When asked what you should say to encourage a child when you can’t use words like smart.
The question is if you can't say smart, what can you say? You can say so many other things. One thing is you can just show interest in the process that the child or other person is engaging in and in our research that's what we've shown is effective, focusing on the process or appreciating the process someone is engaging in or has engaged in so just show interest, ask questions, give encouragement if they've been grappling with something and they've tried new strategies or stuck to the strategy. One parent said, ‘oh I hate it 'cause I can't appreciate it when my child does something great.' I said, ‘well where did you get that from?' Of course you can appreciate it, then tie it to something they engaged in. ‘Oh, you couldn't do that yesterday, you made progress, that's so exciting, oh that's great you really stuck to it and learned it. Or, you tried all different ways and look that worked.’ So you're really appreciating some outcome where they are and you're talking about how they got there. But if you don't have that information just ask them. Never praise effort that isn't there.
When asked how she thinks shame plays a part in a fixed versus growth mindset?
Oh, that's a great question. We have studied that and we have shown that shame is a big factor in a fixed mindset. You don't want to take on a challenge. It's humiliating to have a setback within a fixed mindset, it means you're not the person you want to be and other people aren't going to look at you in the same way. We've studied it in adolescence, adolescents in a fixed mindset feel incredible shame when they are excluded or rejected and that makes them want to lash out violently. And research for many years, many people's research has shown that shame is not a productive emotion. It makes you want to hide or lash out, both of which are not gonna get you, in the long run, where you want to be. In a growth mindset you can feel very disappointed. You can feel hurt. You can feel guilty. You can feel a lot of things but these are emotions that allow you to go forward and be constructive.
When asked if she sees any context in which a fixed mindset is more beneficial than a growth mindset?
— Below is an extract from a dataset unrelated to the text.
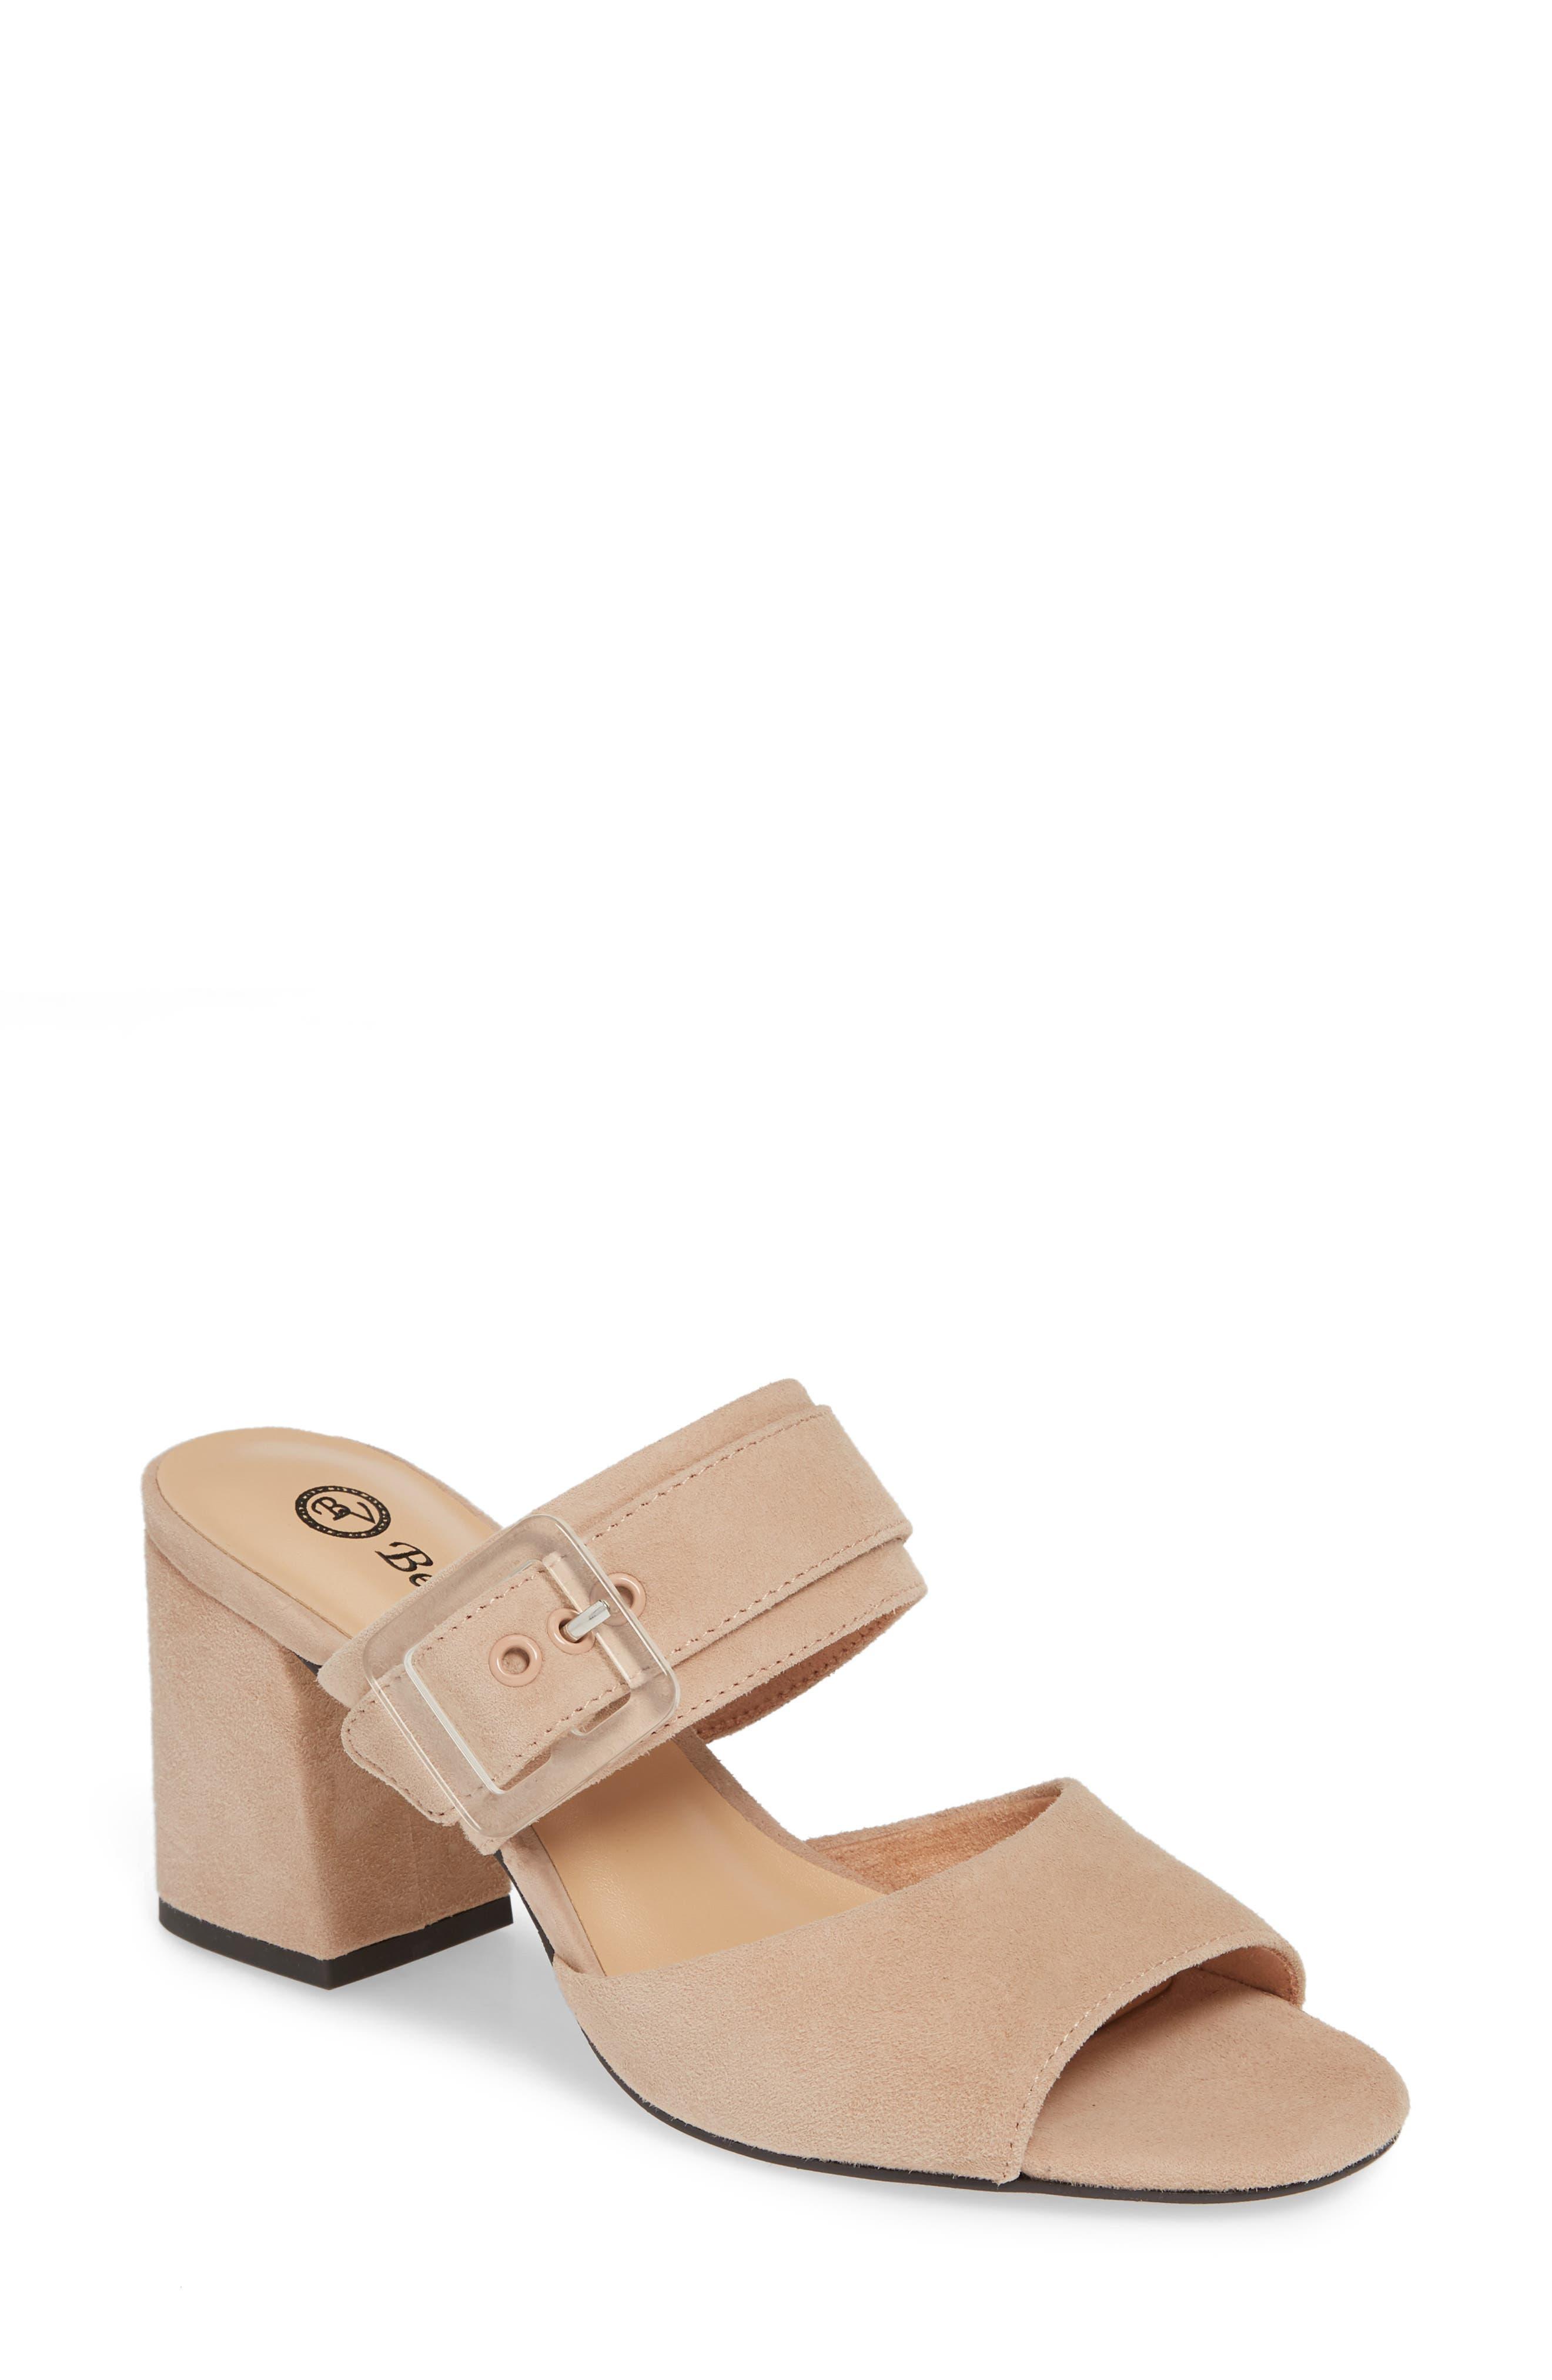 BELLA VITA Tory Buckle Slide Sandal, Main, color, BLUSH SUEDE

Well, first let me say that a growth mindset doesn't require you to go around improving everything. You can focus and you can say no I'm not gonna do that, no I'm not gonna do that. But research, not my research but research of others has in fact looked at this question and found two areas so far in which a fixed mindset is better. One is sexual orientation. People who accept that this is who they are and this is who they're meant to be seem to be better adjusted than people who think ‘I should be changing.' And the other is aging. So, it's nice to feel you can stay young through exercise and so forth but people who run around nipping and tucking and the tummy tuck and the this that and the other and it's kind of a desperate attempt to retain extreme youth that doesn't seem to be so great either. But when it comes to skill areas it looks like a growth mindset is typically more advantageous.
Dweck's book, Mindset: The New Psychology of Success, is worth reading in its entirety.